Monday, Aug. 15, 1955
TIME CLOCK
U.S. RAILROADS will have one of their best years since World War II. First-half earnings for 126 Class I roads are up nearly 80%, totaling $416 million v. $232 million for the same period in 1954. Prime example: the Union Pacific Railroad, whose first-half net of $35.5 million is the highest in history, some 16% higher than the previous record in 1953.
ROBERT R. YOUNG has agreed to a settlement of his legal battle with ten Alleghany Corp. stockholders, who charge that he used $700,000 of Alleghany funds to pay for his successful New York Central proxy fight last year (TIME, June 21, 1954).
In an out-of-court settlement, Young agreed to pay Alleghany the $700,000, will also guarantee it against loss in Young's deal with Oilmen Clint Murchison and Sid Richardson to buy 600,000 shares of New York Central stock with Alleghany funds.
CANNED COKES are getting a try-out from Coca-Cola. After holding out steadily against the canned soft-drink boom (TIME, April 26, 1954), Coca-Cola is turning out 100,000 cartons (24 cans per carton) of Cokes for the Army and Air Force Exchange Service in the Far East, seems likely to try the idea on civilian markets if the test works well.
VOLKSWAGEN'S MILLIONTH, rhinestone-studded and gold-painted for the occasion, rolled off the assembly line last week. Supplying more than 40% of the German market already, the biggest German automaker will boost production another 20%, to 1,500 cars daily, to meet a growing demand both at home and abroad. Target for 1955 in the U.S.: 25,000 Volkswagens v. 9,000 in 1954.
RUSSIAN AUTO INDUSTRY will be shaken up in an effort to equal Western standards. After years of putt-putting along with four out-of-date models--the Moskvich (like a 1939 German Opel), the Pobeda (like a 1939 Ford), the Zim (like a 1946 Buick) and the Zis (like a 1941 Packard)--the Reds admit that their postwar designs "are in some respects inferior." A special Auto Ministry will be set up to boost production (1955 planned output: a bare 80,000 cars), cut prices, bring out a new people's car called the Volga, facelift the others.

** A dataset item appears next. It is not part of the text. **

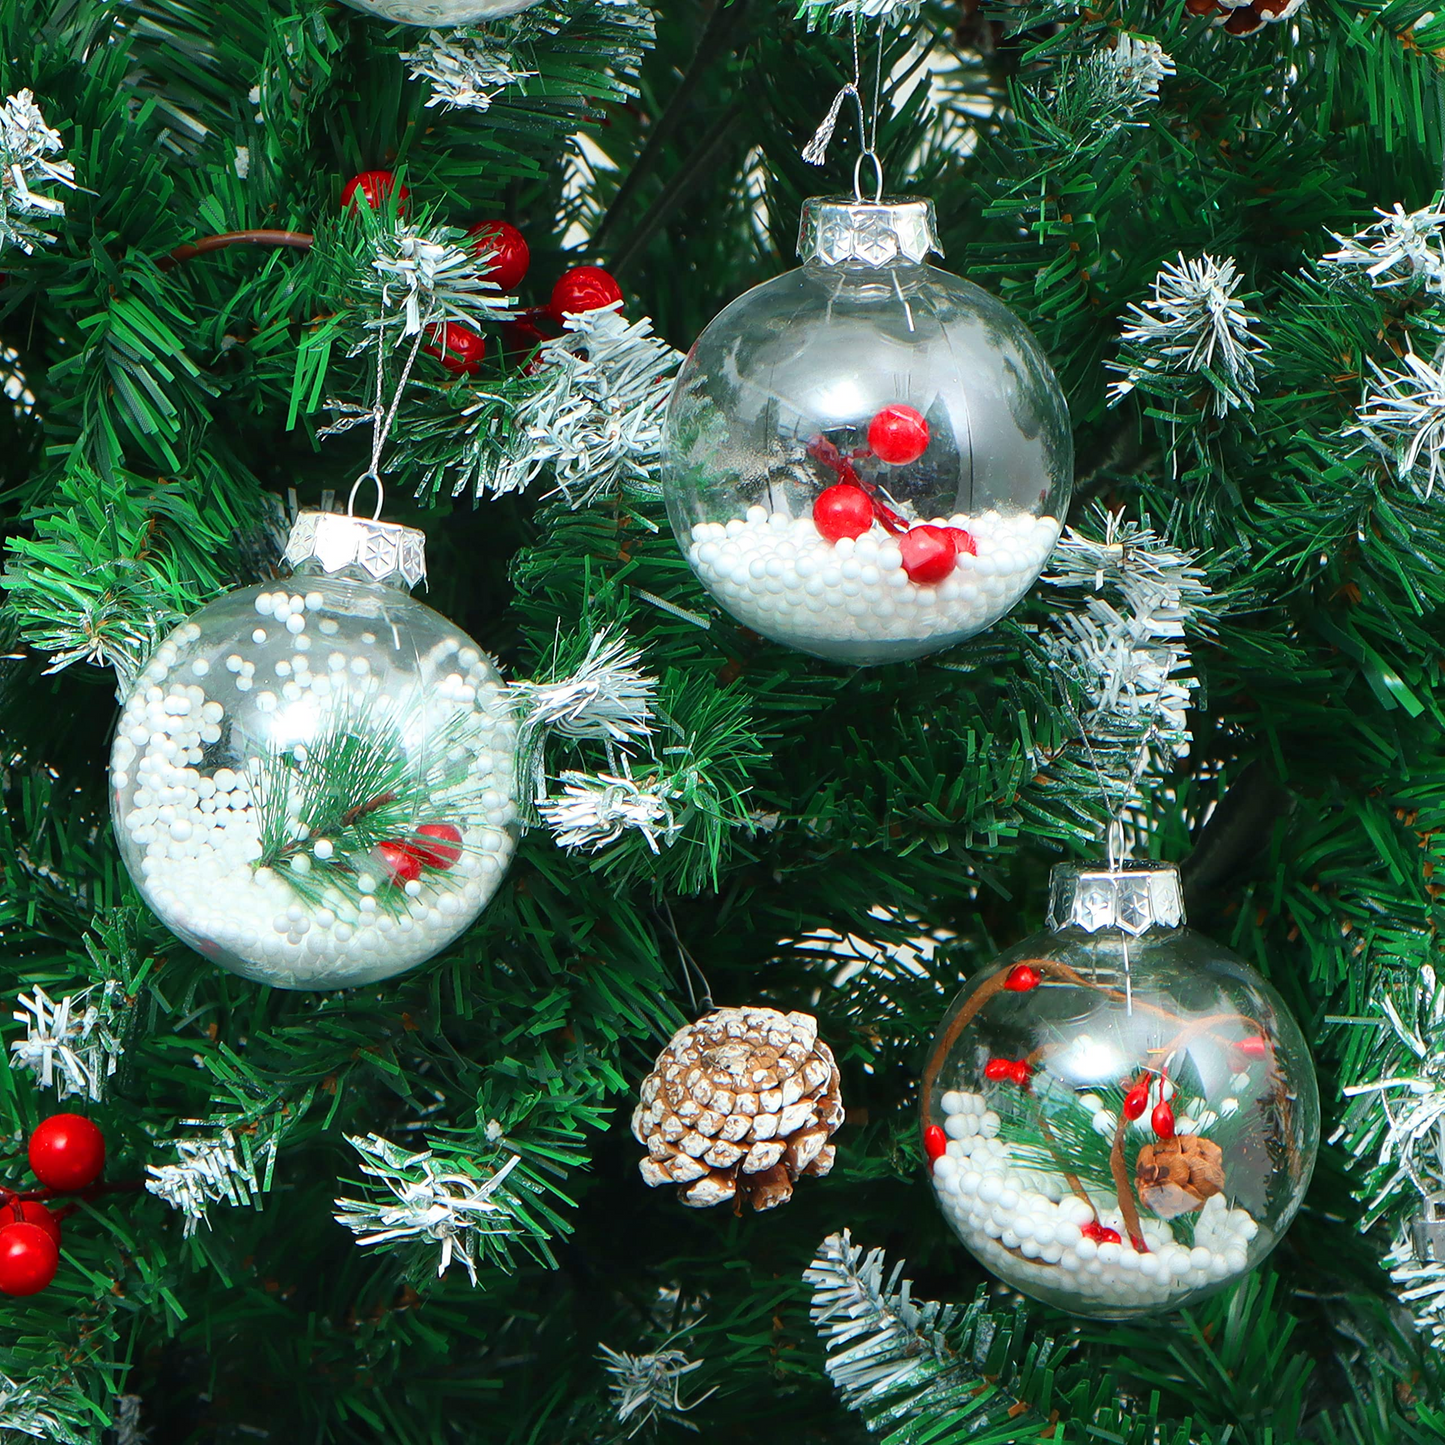 16 Pcs Christmas Snow Filling Ornaments Ball Ornaments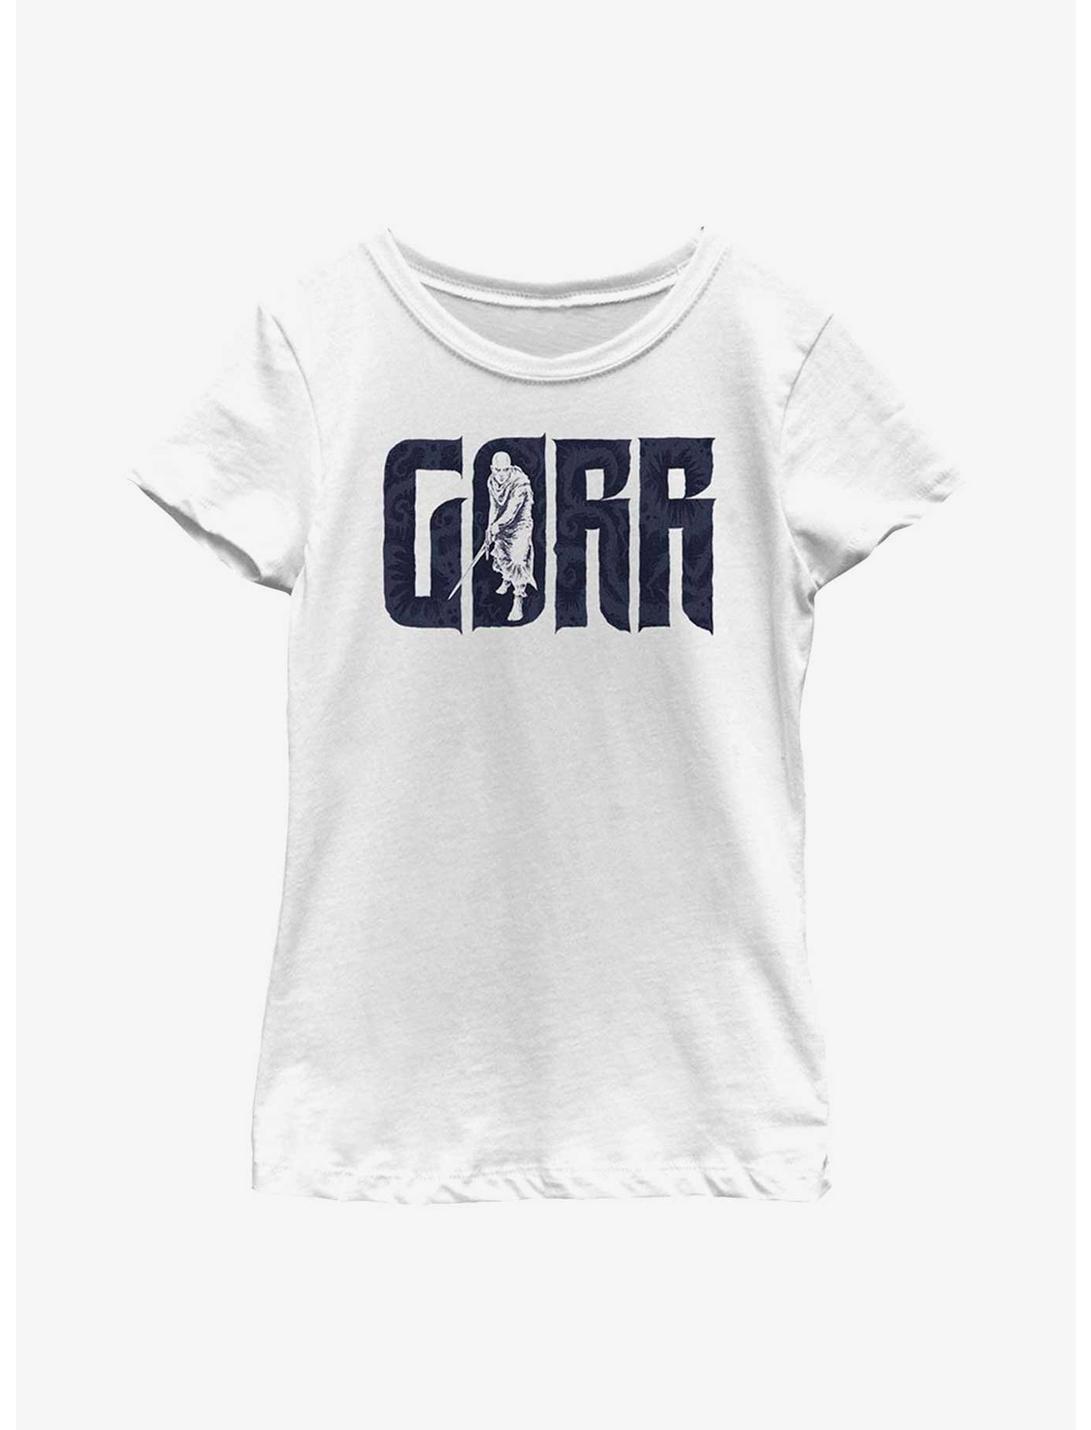 Marvel Thor: Love And Thunder Gorr Youth Girls T-Shirt, WHITE, hi-res

FRENCH SHIPYARDS are cashing in on lower labor costs to carve away a big slice of the international shipbuilding market. Foreign orders for 1955's first half alone have hit 250,000 tons, some 114,000 tons more than all of 1954. Among the 13 nations that have ordered tankers and freighters from France: the U.S. (four tankers for Tide Water Associated Oil Co.), Britain, Holland and Norway, all traditional maritime powers that normally build their own ships.
SURPLUS SALES ABROAD will be speeded up under a new farm program being pushed by the Department of Agriculture. Although farm exports in 1954 totaled $3 billion (7% higher than in 1953), Secretary Ezra Taft Benson is studying the possibility of selling excess farm commodities to Russia and her satellites. Another idea: to sell a big chunk of the 185 million Ibs. of butter surplus (down from 460 million Ibs. last year) to foreign nations for industrial use in bakeries and candy factories.
KOHLER STRIKE, now dragging into its 16th month (TIME, April 18), still seemed at hopeless deadlock. After a week-long session, negotiations between the second biggest U.S. plumbing fixtures company and 2,800 C.I.O. United Automobile Workers at the company's Kohler, Wise, plant have broken off completely on the issue of rehiring all strikers. Although the U.A.W. has spent $5,500,000 on the strike thus far, it refuses to give an inch, is talking about invoking a "systematic national boycott" against Kohler, even though a suit has already been filed with the NLRB against twelve sympathetic unions for secondary boycotts against the company.